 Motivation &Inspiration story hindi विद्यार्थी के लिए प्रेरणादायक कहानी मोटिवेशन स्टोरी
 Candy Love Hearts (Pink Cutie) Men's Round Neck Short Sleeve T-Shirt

· · · · ·

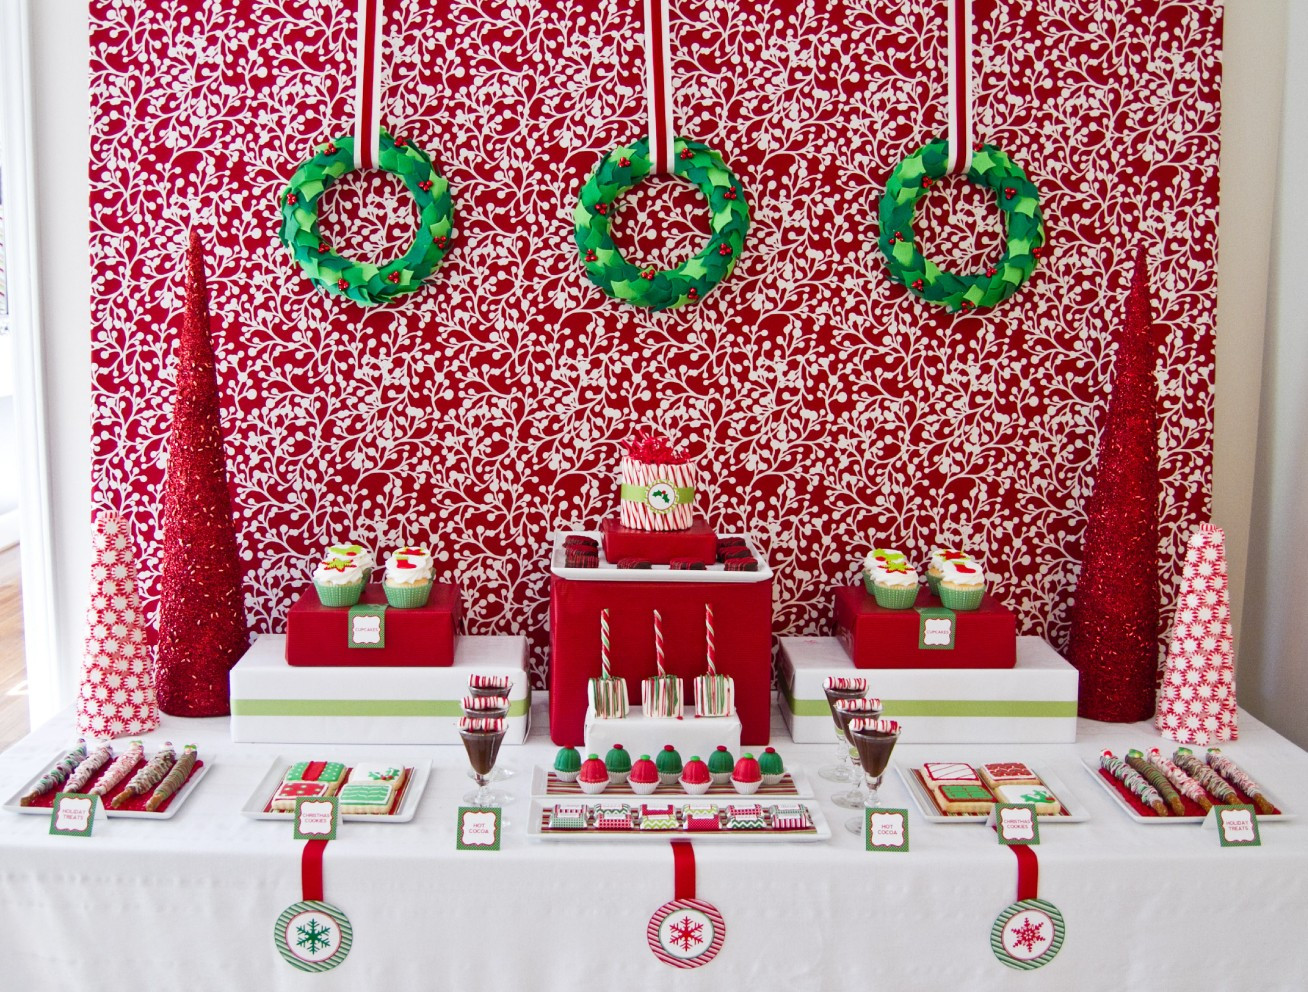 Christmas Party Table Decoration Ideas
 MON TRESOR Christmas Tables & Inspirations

· · · · ·

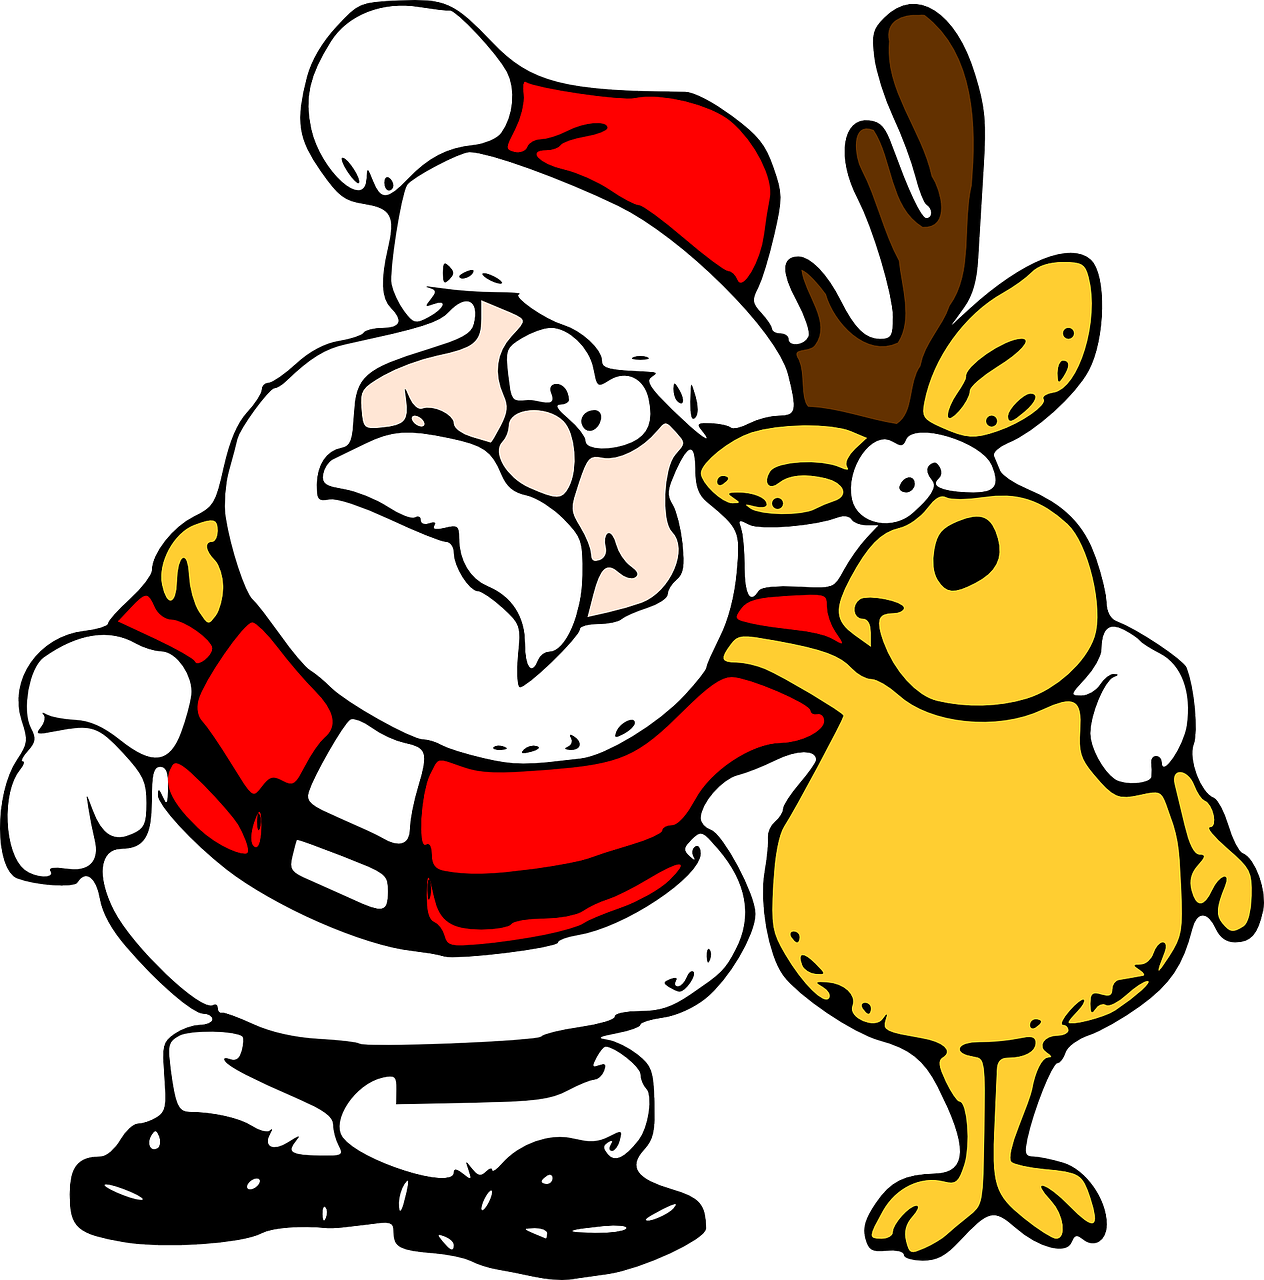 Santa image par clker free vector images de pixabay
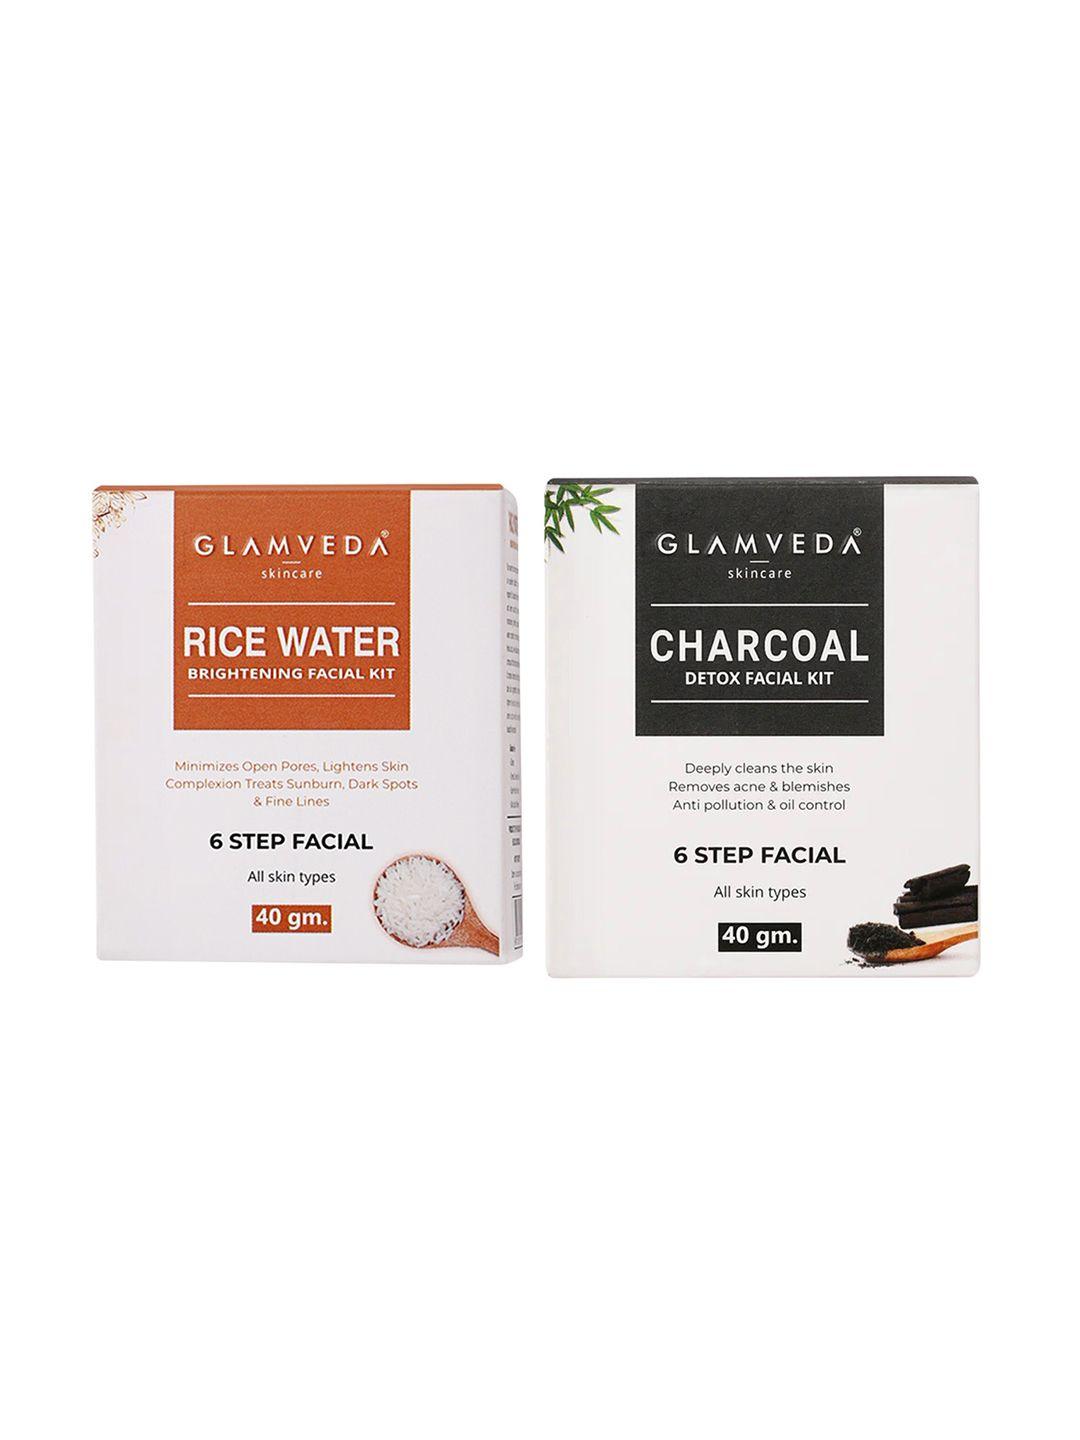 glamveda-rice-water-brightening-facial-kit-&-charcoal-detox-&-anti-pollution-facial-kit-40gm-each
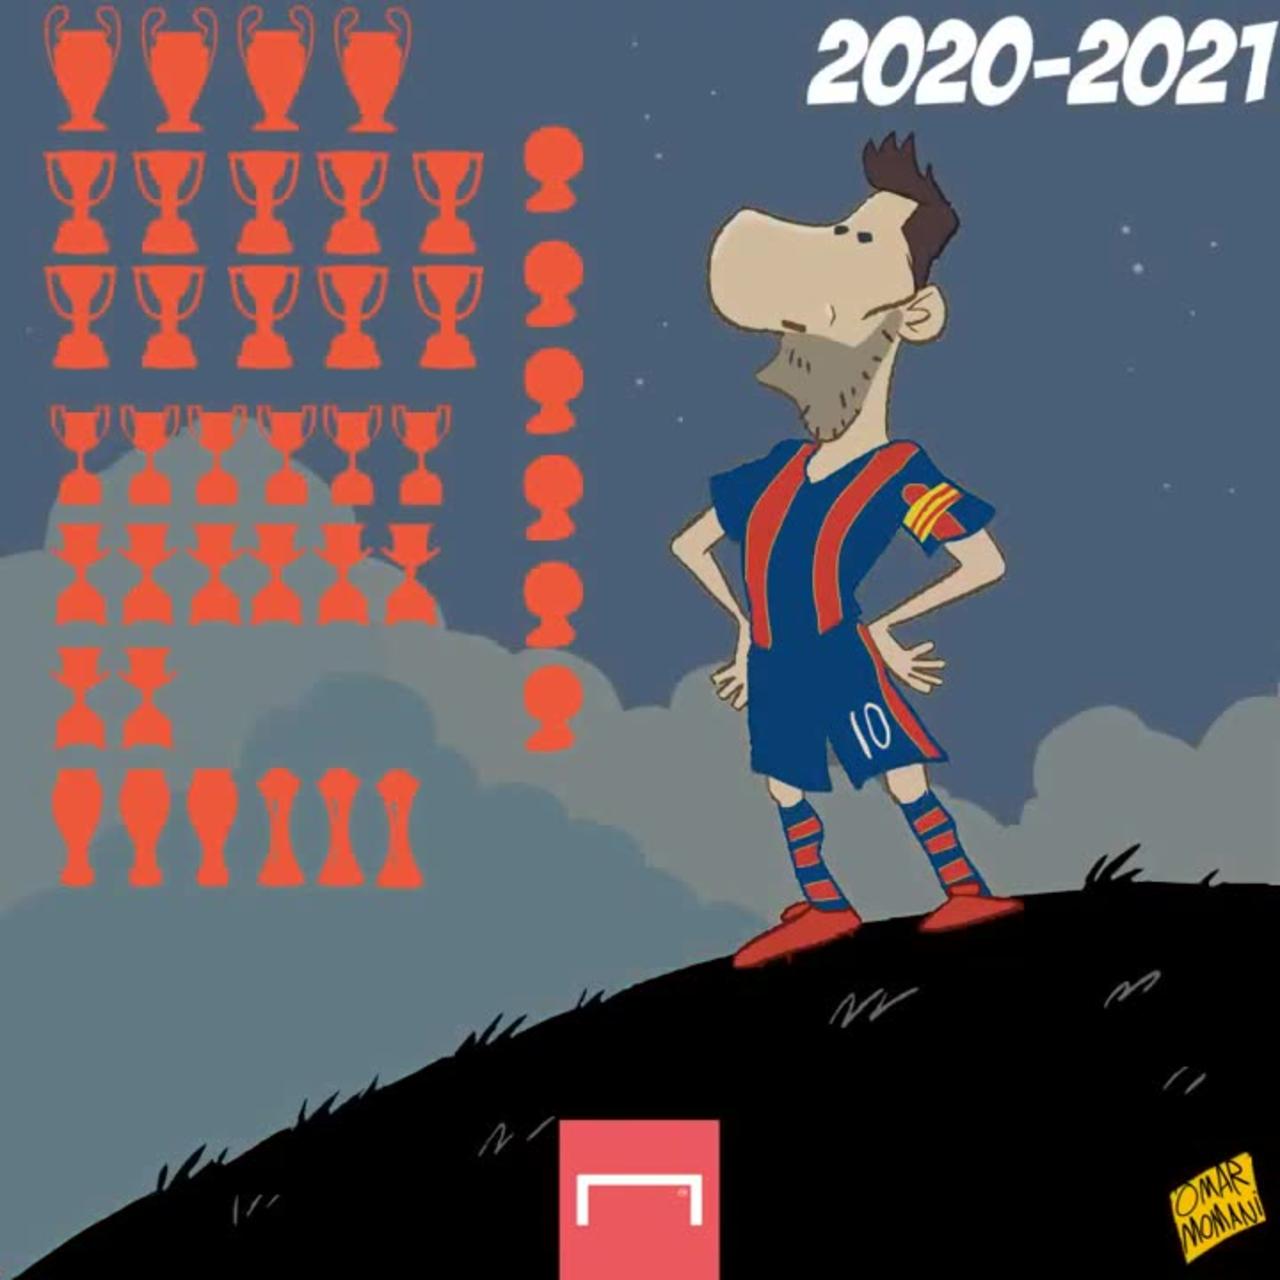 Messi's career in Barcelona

· · · · ·

** WHAT THE TASK ASKS **
What you return must match the lines above from the one with "Santa image par" through the one with "Messi's career in Barcelona" exactly, with both ends included and the pictures excluded.

** SOLUTION TO THIS EXERCISE **
 Santa image par clker free vector images de pixabay
 glamveda-rice-water-brightening-facial-kit-&-charcoal-detox-&-anti-pollution-facial-kit-40gm-each
 Messi's career in Barcelona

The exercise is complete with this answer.